Greer’s examples in Sylacauga or Dothan seem to have been purely hypothetical.

“We don’t do that,” said Jared Johnson, pharmacist and co-owner of Marble City Pharmacy, a compounding pharmacy in Sylacauga. Johnson and other pharmacists told The Star that compounding for injection takes what is known as a “sterile compounding” facility.

“We do a lot of compounding, but we don’t do that kind of compounding,” he said.

Employees at Fort Williams pharmacy, another compounding pharmacy in Sylacauga, said they don’t produce death penalty drugs either.

Dothan’s biggest compounding pharmacy gave the same answer.

“We’ve never had a request for that, and I don’t even know what they use,” said Michelle Braswell, a pharmacist at Doctors Center Pharmacy in Dothan. Braswell said Doctors Center was likely the only pharmacy in Dothan equipped to do that sort of compounding.

Employees at Wellness Pharmacy in Birmingham, Compound Pharmaceutical in Daphne, Compound Care Plus in Loxley and Huntsville Compounding Pharmacy — all listed as sterile compounding pharmacies by the Pharmacy Compounding Accreditation Board — told The Star their businesses don’t provide death penalty drugs.

One-word amendment

On the House floor, Greer introduced a single amendment to his bill, one that would change the word “including” to the word “and.” He said the amendment was requested by the Alabama Press Association, a trade group representing state newspapers.

“The press supports this bill,” Greer said on the House floor.

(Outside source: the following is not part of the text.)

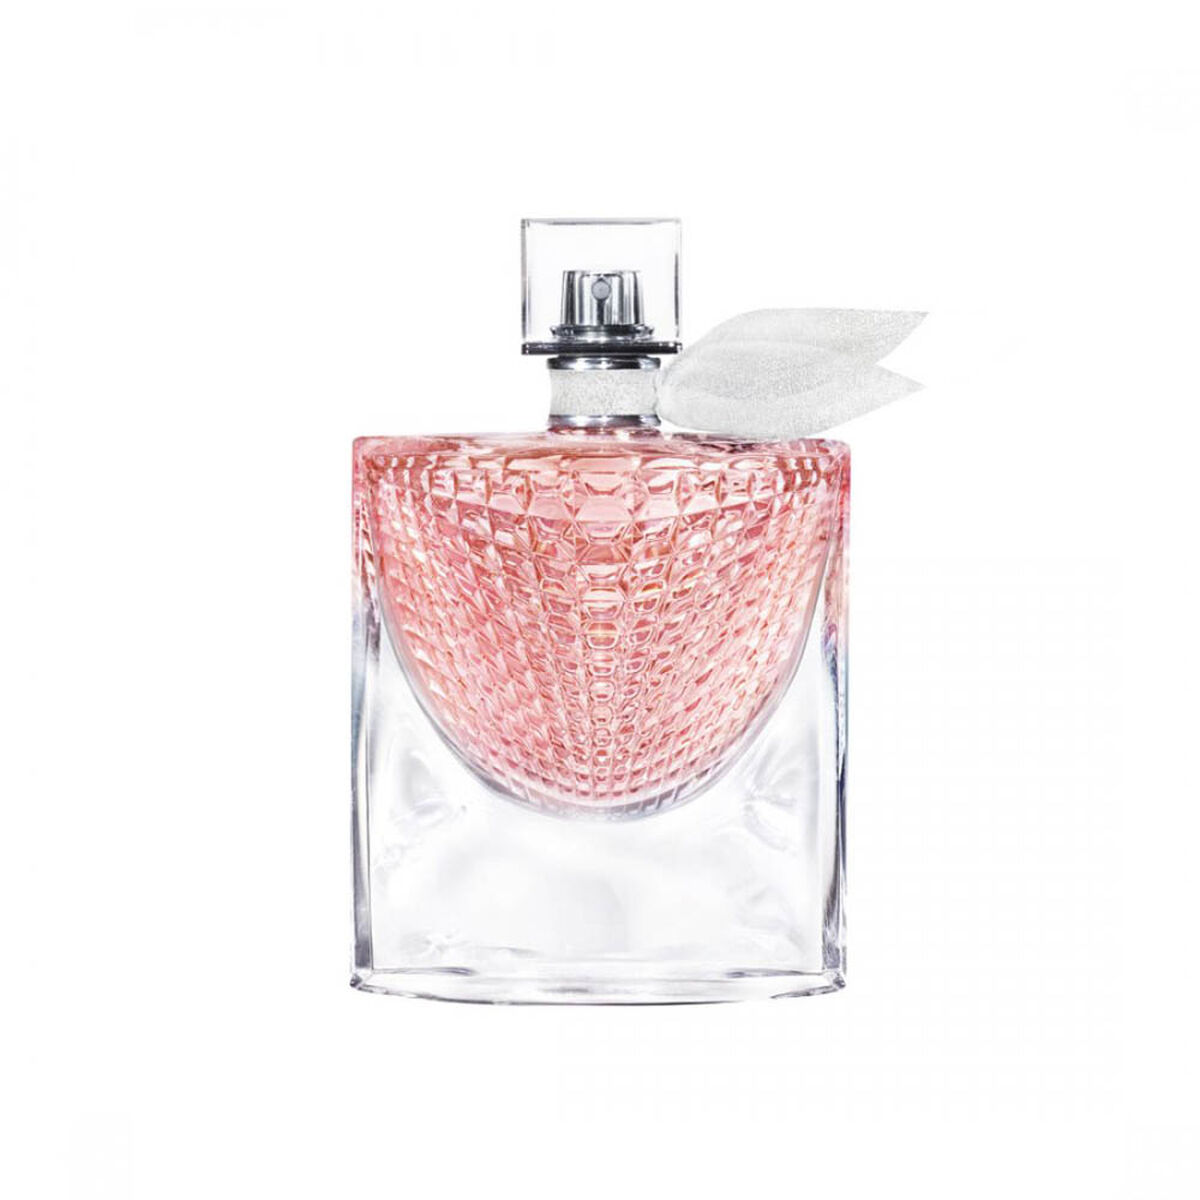 Perfume Lancome LVEB L'Éclat 50 ml

APA director Felicia Mason said the association dropped its objections to the bill after Greer agreed to take out a passage that would make all death penalty procedures exempt from the state’s open records law.

“We’re not opposed to the parts that make the names of the people involved in executions, or the people who supply the drugs, confidential,” Mason said.

Greer’s one-word amendment seems to have left intact wording that would make all death penalty procedures a secret. Mason said that was likely due to an error on Greer’s part, not an attempt to slip the wording back in.

“We’ll deal with it when it’s in the Senate,” she said.